Wednesday, April 11, 2007

Where was all the finger-pointing when subprime borrowers were making money?

With all the articles, all the testimony to Congress, all the regulatory scrutiny that mortgage lending is receiving today, I have to wonder why no one was complaining during the real estate boom. When subprime borrowers, little old ladies, people on fixed income, minorities, et. al., were able to secure financing for homes they could ill afford, but COULD sell at a profit, there was no hue and cry, no accusations of predatory lending, no senate investigations. No, when subprime borrowers made money on housing appreciation, no one complained.

Well, the "bitter renters" - as anyone who questioned the economic fundamentals of the bubbly market was called - certainly complained. Many folks who wanted to buy a house, who had secure jobs and sizable downpayments, were "priced out." Perhaps they could not afford prices that were 3x the prices of just 5 years earlier. For many, they could afford the price, but could not justify the risk. For whatever reason, many well-qualified borrowers were outbid and outpriced by poorly-qualified buyers. Those buyers who would have happily bought a home, and paid every mortgage payment on time, were pushed out of the market by buyers who had no need for sensible pricing.

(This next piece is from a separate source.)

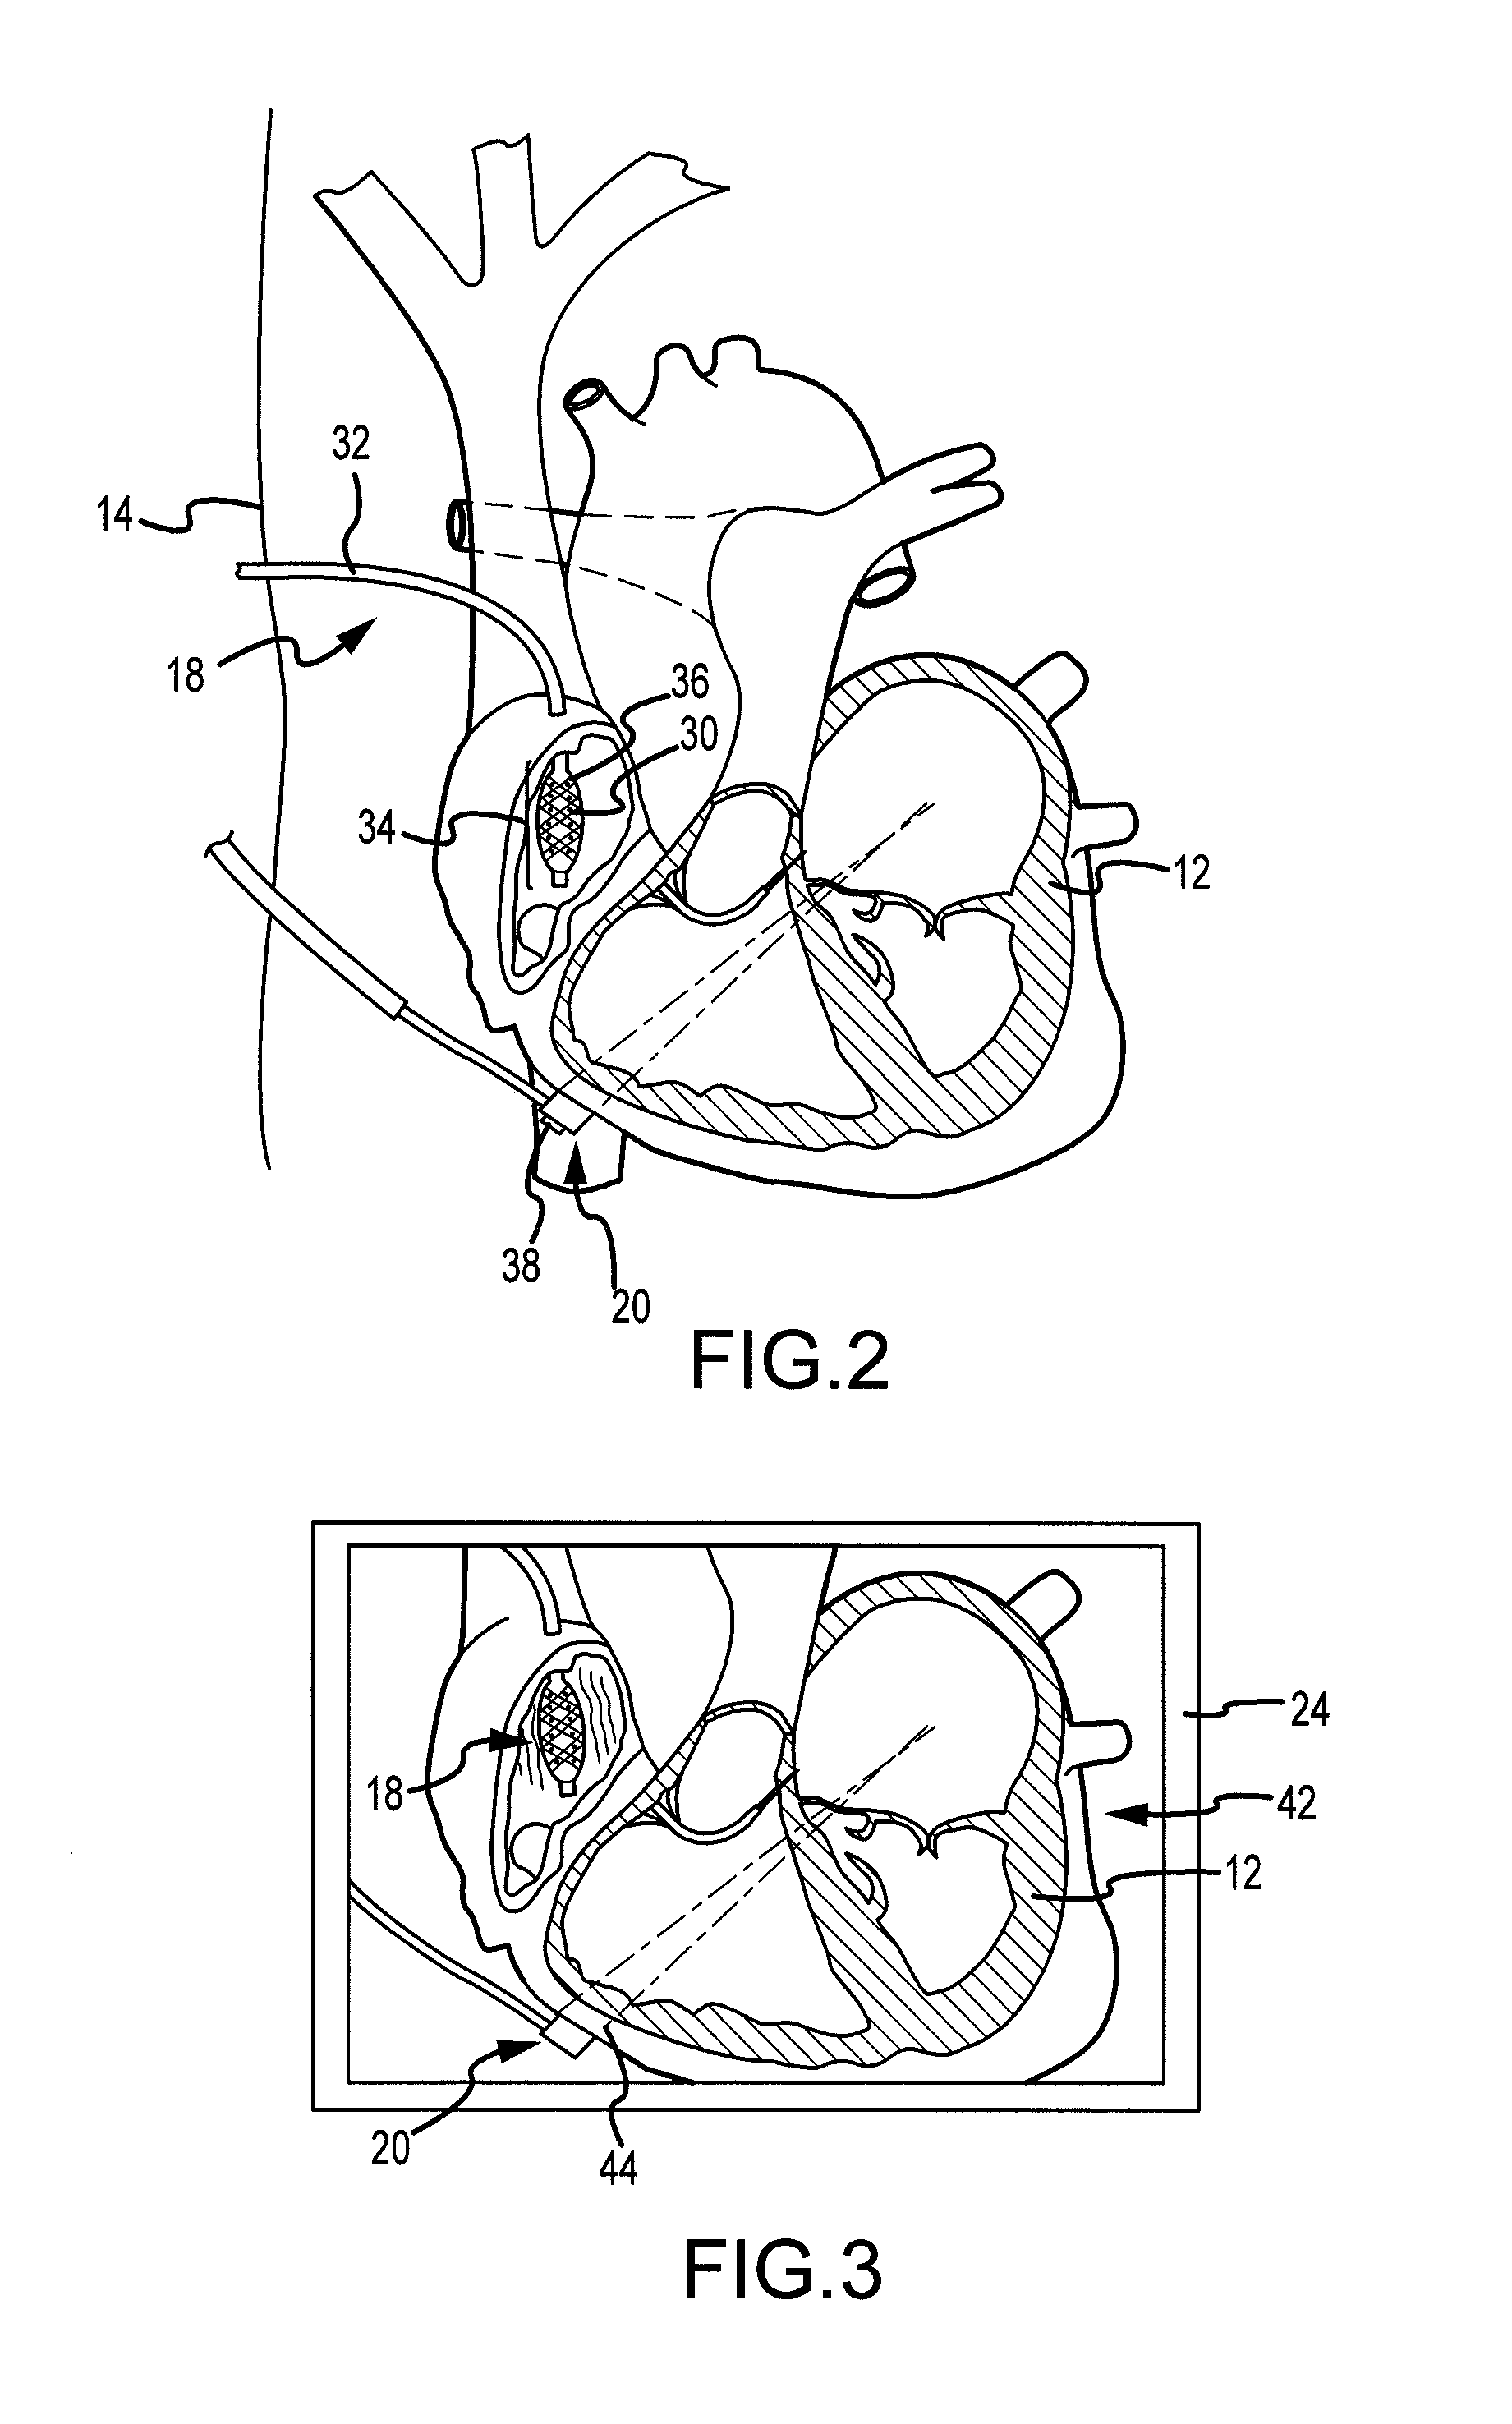 System for displaying data relating to energy emitting treatment devices together with electrophysiological mapping data

The government is now talking about bailing out buyers who bought over their heads, taxing everyone to keep foolish buyers in their McMansions, their luxury condos, their sparkling kitchens with Viking ranges and sub-zero freezers - as well as keeping foolish buyers in their modest bungalows, inner-city flats, and major fixers. The very people who outbid responsible, qualified buyers are now the "victims", needing government help to stay in homes they cannot afford. The sad reality is, a bailout will merely postpone the inevitable for most such borrowers.

The type of people who run up high credit scores are typically the type of people who continue paying their mortgage, even if they become "upside down" with a mortgage balance that is greater than their current home value. The type of people who let their credit ratings drop down to subprime levels are typically the type of people who just walk away, letting the bank hold the bag on price declines.

Why is it okay for prime borrowers to share in the gains AND the losses on real estate, but subprime borrowers should only share in the gains? Why should prime borrowers, renters, and every other taxpayer shoulder the cost of bailing subprime borrowers out of their mortgages? Let's face reality here - subprime borrowers are subprime for a reason. For some, they were incredibly careful and responsible, but hit hard times. For far, far more of them, they became subprime because they over-extended, lived above their means, were slow to pay debts or failed to pay them at all, declared bankruptcy, etc.

ABSOLUTELY, some subprime borrowers got that way through no fault of their own. Others got there by making mostly good financial choices, but they took some risks that didn't pan out. While others just never cared about paying bills. Look at C. Serin, posterboy of the foreclosure explosion. His blog seems to have fizzled, but he can still generate tremendous sparks by the mere mention of his visits to Starbucks, dining out, buying a car, turning down jobs - even though he is reportedly defaulting on $2.2 Million dollars in debt.

Oh, and, by the way, Mr. Serin's debt is not merely mortgage debt. He paid off his credit cards with some of the cash he got back at close - yes, he was able to buy houses AND get cash out at close, effictively paying him to buy - and he ran the cards up again. He lied to lenders to get his mortgages. He gamed the system. He is one of the so-called victims of bad lending practices.
Ironic how the pundits blame "Wall Street investors" for the mortgage mess, but only the far-right-wing media asks borrowers to shoulder their fair share of the blame. These supposedly genteel, wealthy "Wall Street" types are just as often teachers, blue-collar workers, white collar workers, grimy fingernail workers, and anyone else with a 401k. True victims of shady mortgage lending have recourse available to them without any additional government involvement. The investors who held mortgage company stock, mortgage-backed bonds, and related investments in their retirement account, they have no recourse. Even irresponsible buyers will be able to negotiate with lenders in this very shaky housing market. Government intervention at this point will just unfairly burden taxpayers - and it sends the wrong message to borrowers that borrowers needn't take responsibility for themselves, needn't read and understand contracts, needn't have rainy-day savings, needn't buy prudently, choosing homes that they can afford in good times and bad, choosing mortgages that they can afford both today and in the future.